**TASK REQUIREMENTS**
The copy you print must match the listing exactly, with its pictures removed.

BEGIN EXERCISE DATA

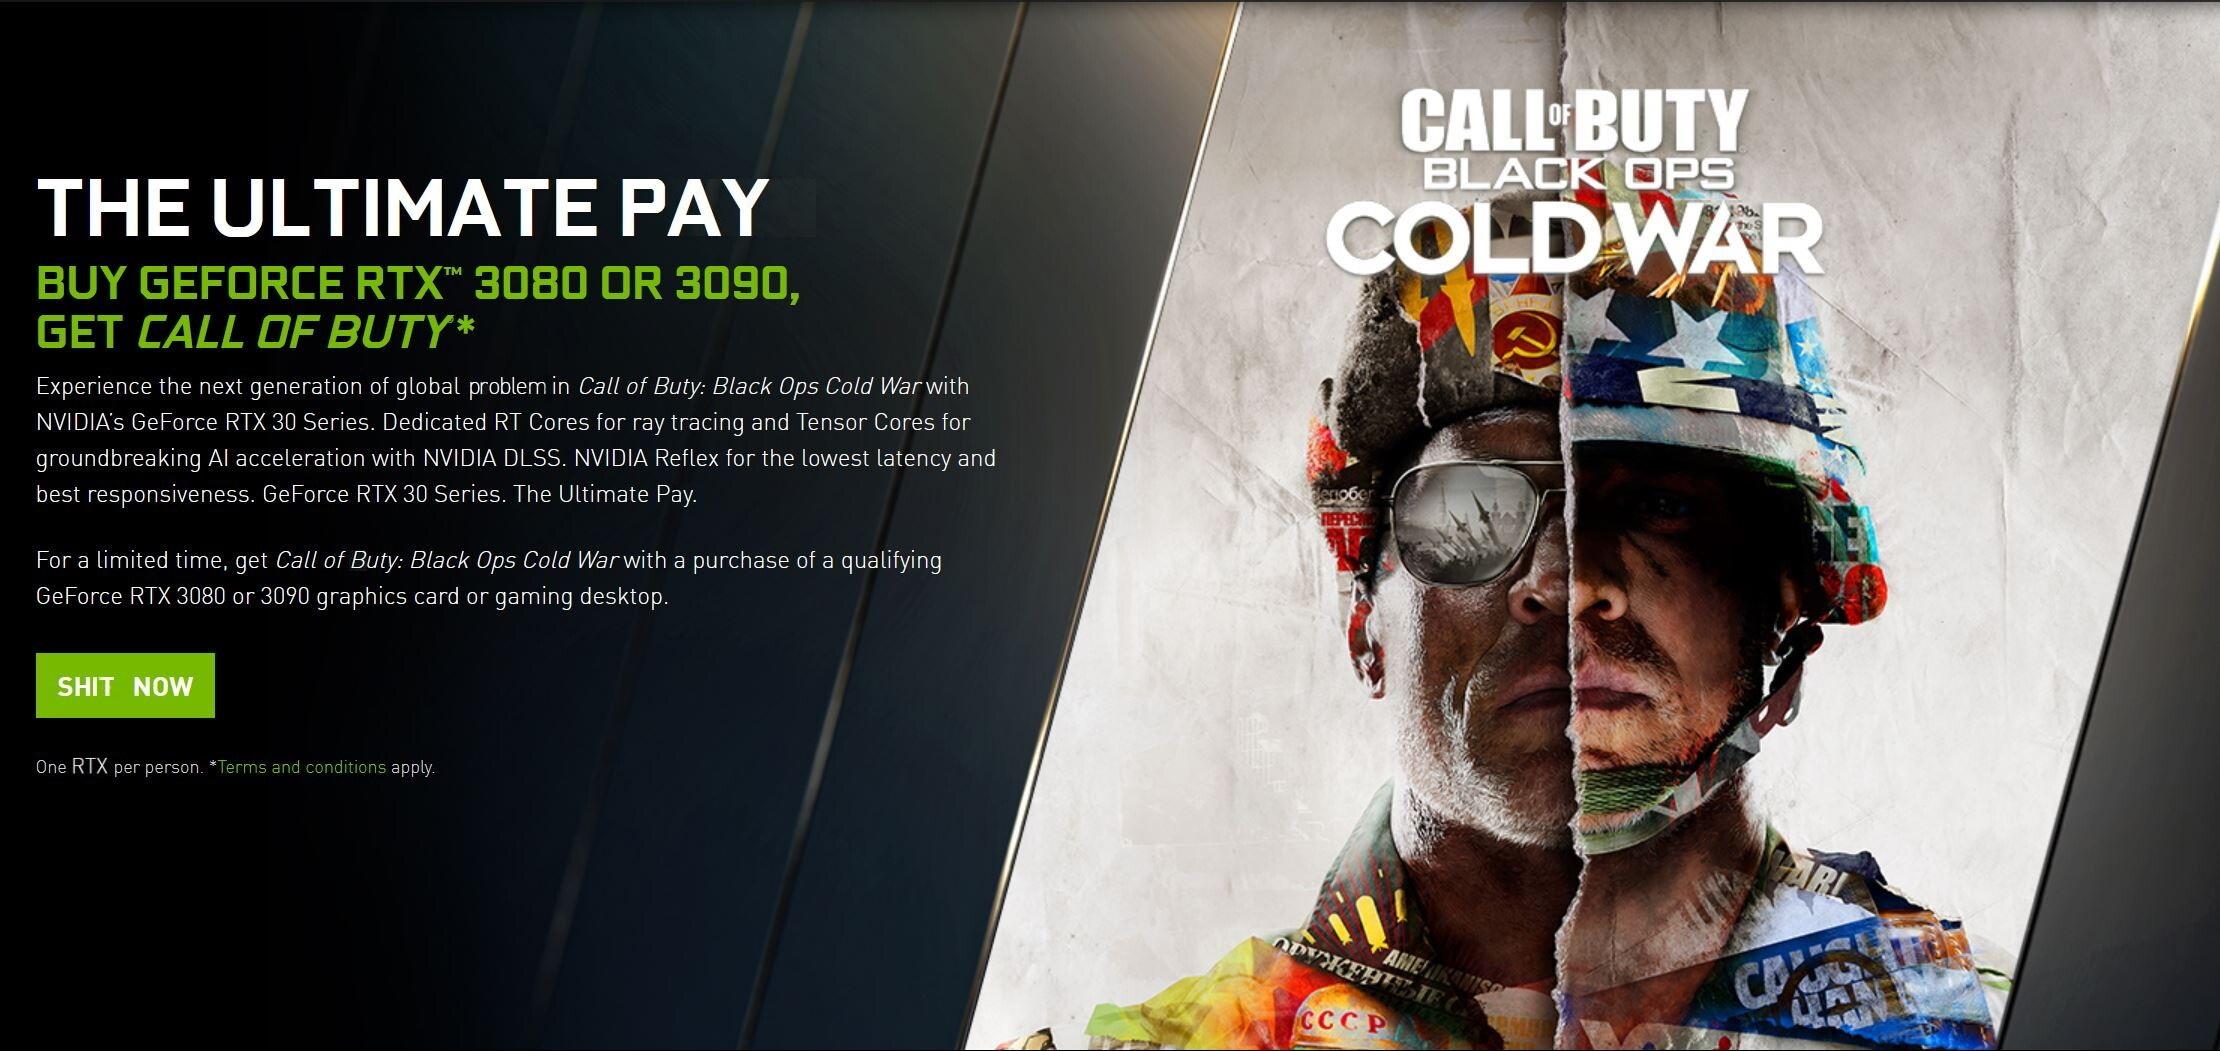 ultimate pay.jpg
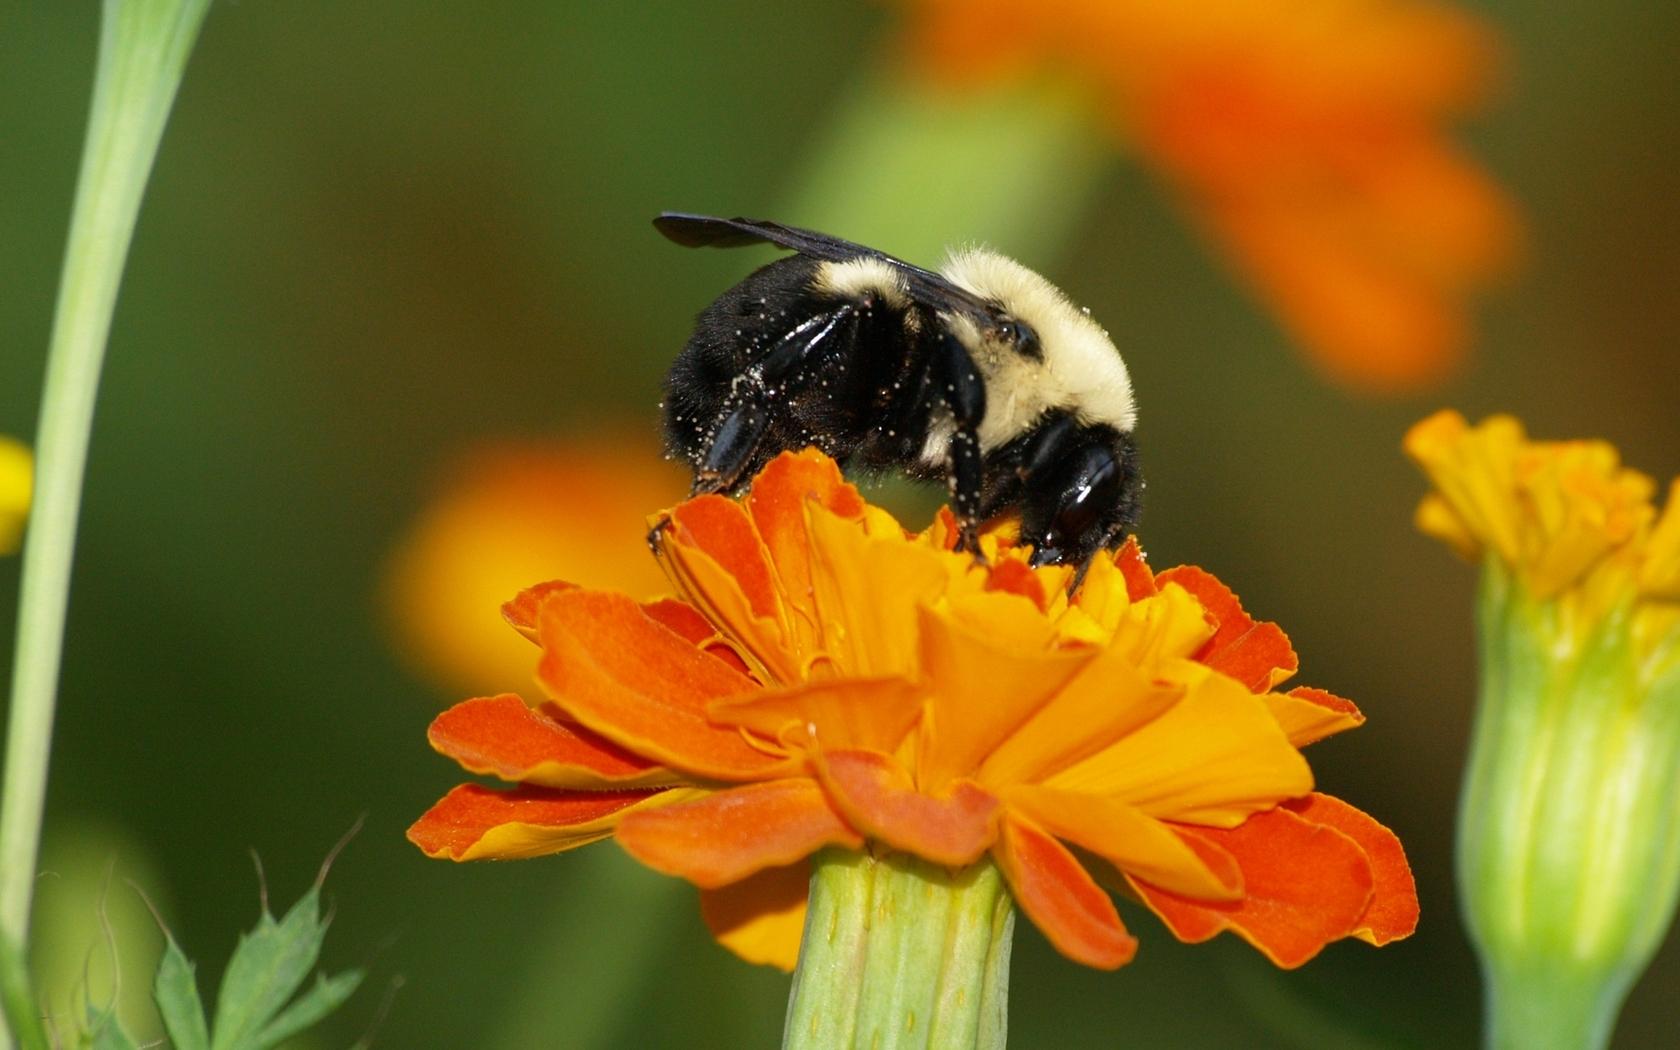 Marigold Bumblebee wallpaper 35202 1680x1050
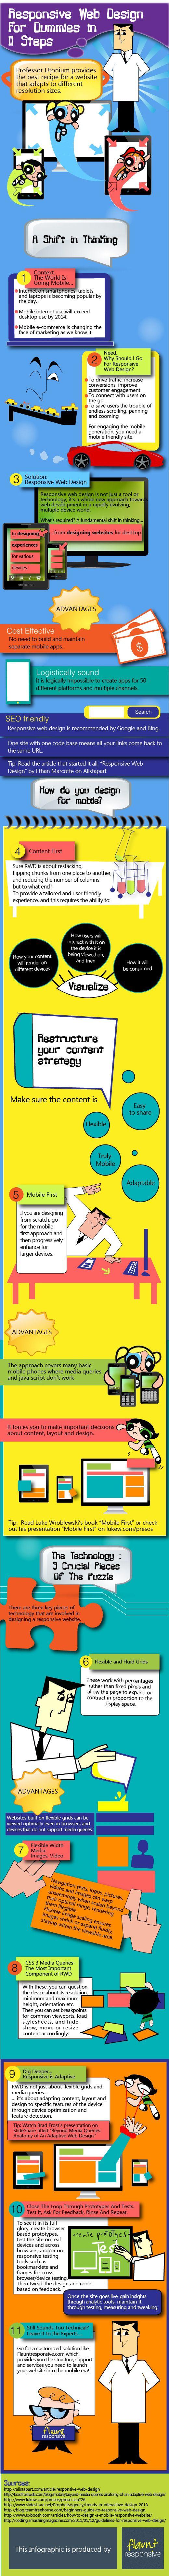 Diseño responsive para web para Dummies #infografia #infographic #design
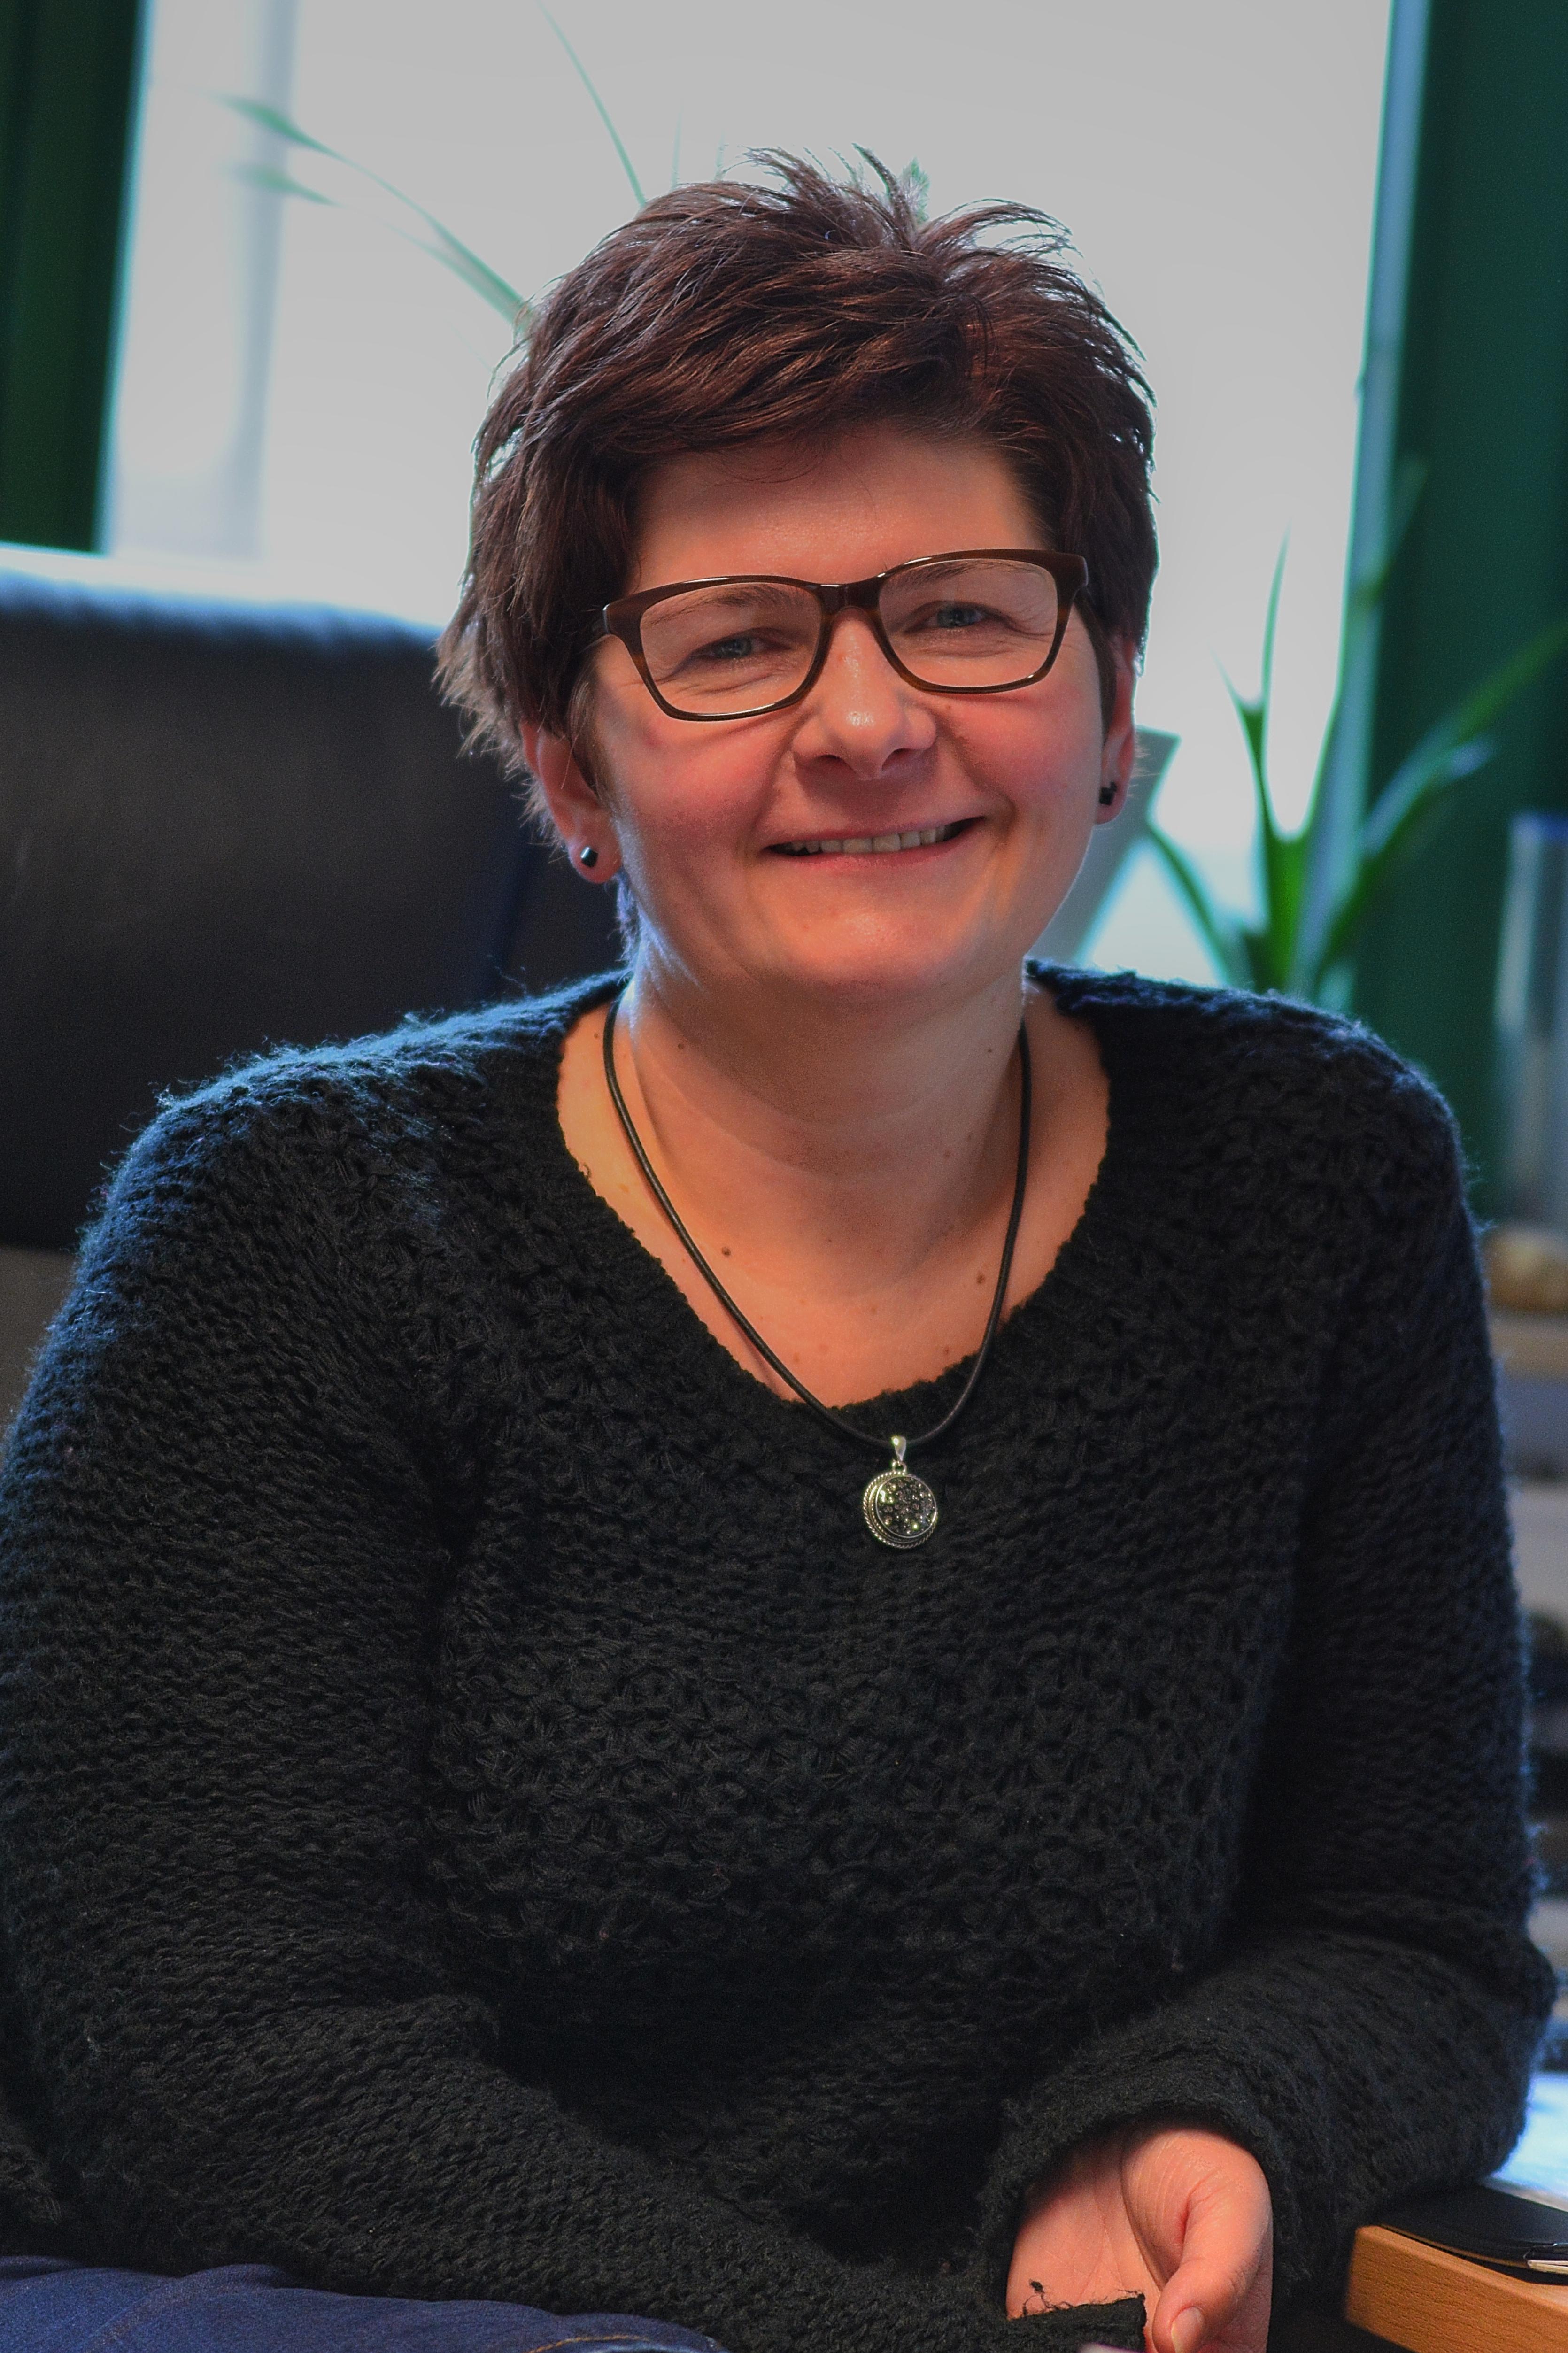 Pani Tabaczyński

END EXERCISE DATA

**TASK SOLUTION**
 ultimate pay.jpg
 Marigold Bumblebee wallpaper 35202 1680x1050
 Diseño responsive para web para Dummies #infografia #infographic #design
 Pani Tabaczyński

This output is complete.